Tomar Dheeraj S, Paulaitis Michael E, Pratt Lawrence R, Asthagiri Dilipkumar N
Xilio Therapeutics Inc., Waltham, Massachusetts 02451, United States.
Center for Nanomedicine, Johns Hopkins School of Medicine, Baltimore, Maryland 21231, United States.
J Phys Chem Lett. 2020 Nov 19;11(22):9965-9970. doi: 10.1021/acs.jpclett.0c02972. Epub 2020 Nov 10.
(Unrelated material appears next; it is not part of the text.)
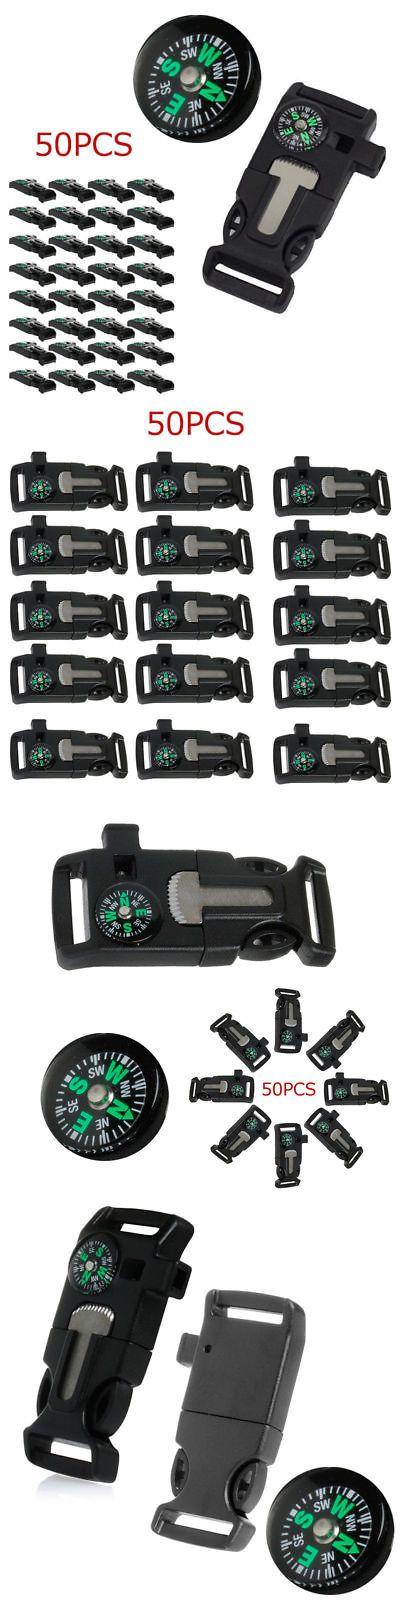 Paracord Bracelets 181413: 50X New Side Buckle Whistle Compass Flint Fire Starter Scaper Paracord Bracelet -> BUY IT NOW ONLY: $31.54 on eBay!

We address the association of the hydrophobic driving forces in protein folding with the inverse temperature dependence of protein hydration, wherein stabilizing hydration effects strengthen with increasing temperature in a physiological range. All-atom calculations of the free energy of hydration of aqueous deca-alanine conformers, holistically including backbone and side-chain interactions together, show that attractive peptide-solvent interactions and the thermal expansion of the solvent dominate the inverse temperature signatures that have been interpreted traditionally as the hydrophobic stabilization of proteins in aqueous solution. Equivalent calculations on a methane solute are also presented as a benchmark for comparison. The present study calls for a reassessment of the forces that stabilize folded protein conformations in aqueous solutions and of the additivity of hydrophobic/hydrophilic contributions.
我们探讨了蛋白质折叠过程中的疏水驱动力与蛋白质水合作用的逆温度依赖性之间的关联,其中在生理范围内,稳定的水合作用会随着温度升高而增强。对十肽丙氨酸水溶液构象的水合自由能进行的全原子计算,全面考虑了主链和侧链相互作用,结果表明,有吸引力的肽 - 溶剂相互作用以及溶剂的热膨胀主导了传统上被解释为蛋白质在水溶液中的疏水稳定性的逆温度特征。还给出了对甲烷溶质的等效计算作为比较基准。本研究呼吁重新评估在水溶液中稳定折叠蛋白质构象的作用力以及疏水/亲水贡献的加和性。